We are expecting hundreds of cores per chip in the near future. However, scaling the memory architecture in manycore architectures becomes a major challenge. Cache coherence provides a single image of memory at any time in execution to all the cores, yet coherent cache architectures are believed will not scale to hundreds and thousands of cores. In addition, caches and coherence logic already take 20-50% of the total power consumption of the processor and 30-60% of die area. Therefore, a more scalable architecture is needed for manycore architectures. Software Managed Manycore (SMM) architectures emerge as a solution.
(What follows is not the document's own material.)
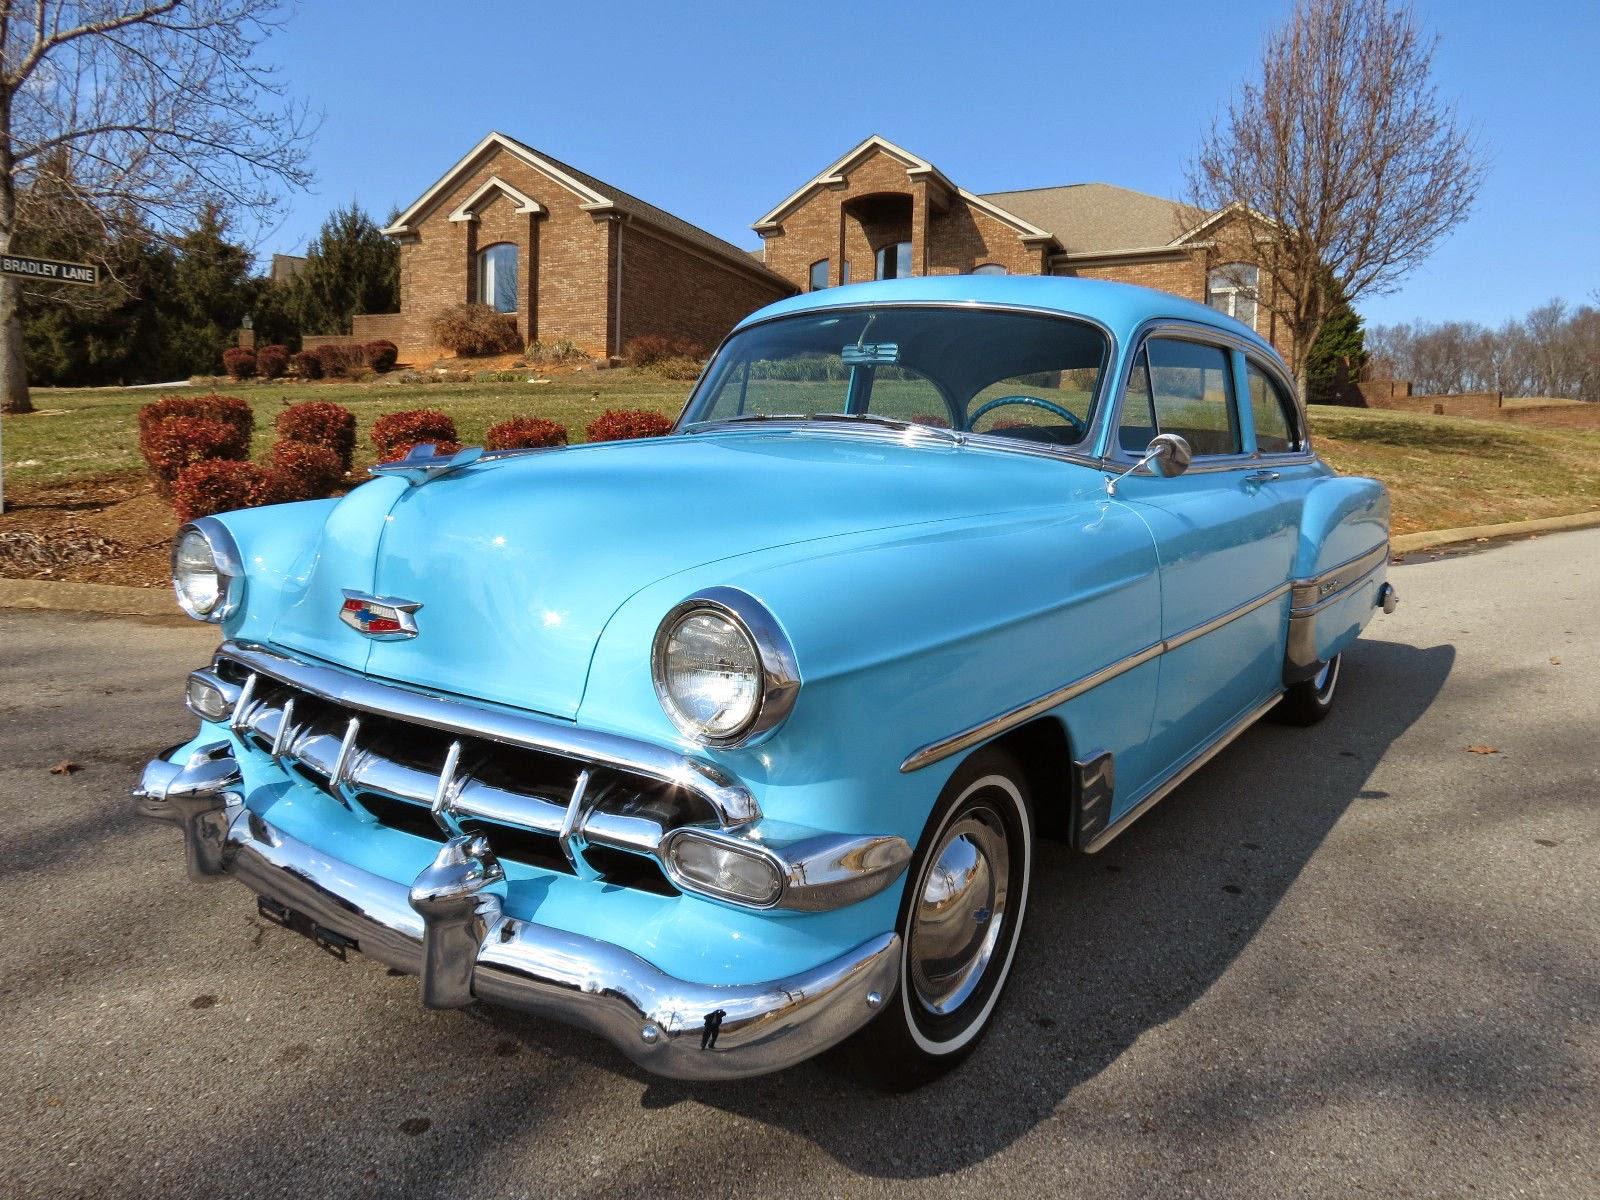 All American Classic Cars: 1954 Chevrolet Bel Air 2-Door Sedan

They have scalable memory design in which each core has direct access to only its local scratchpad memory, and any data transfers to/from other memories must be done explicitly in the application using Direct Memory Access (DMA) commands. Lack of automatic memory management in the hardware makes such architectures extremely power-efficient, but they also become difficult to program. If the code/data of the task mapped onto a core cannot fit in the local scratchpad memory, then DMA calls must be added to bring in the code/data before it is required, and it may need to be evicted after its use. However, doing this adds a lot of complexity to the programmer's job. Now programmers must worry about data management, on top of worrying about the functional correctness of the program - which is already quite complex. This dissertation presents a comprehensive compiler and runtime integration to automatically manage the code and data of each task in the limited local memory of the core. We firstly developed a Complete Circular Stack Management. It manages stack frames between the local memory and the main memory, and addresses the stack pointer problem as well. Though it works, we found we could further optimize the management for most cases. Thus a Smart Stack Data Management (SSDM) is provided. In this work, we formulate the stack data management problem and propose a greedy algorithm for the same. Later on, we propose a general cost estimation algorithm, based on which CMSM heuristic for code mapping problem is developed. Finally, heap data is dynamic in nature and therefore it is hard to manage it. We provide two schemes to manage unlimited amount of heap data in constant sized region in the local memory. In addition to those separate schemes for different kinds of data, we also provide a memory partition methodology.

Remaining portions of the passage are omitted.